*** Opening Available data ***

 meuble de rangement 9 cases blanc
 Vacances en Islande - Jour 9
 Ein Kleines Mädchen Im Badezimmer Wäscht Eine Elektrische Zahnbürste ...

*** Closing Available data ***

### Task details
Return the material exactly. Leave out no line.

### Written solution
 meuble de rangement 9 cases blanc
 Vacances en Islande - Jour 9
 Ein Kleines Mädchen Im Badezimmer Wäscht Eine Elektrische Zahnbürste ...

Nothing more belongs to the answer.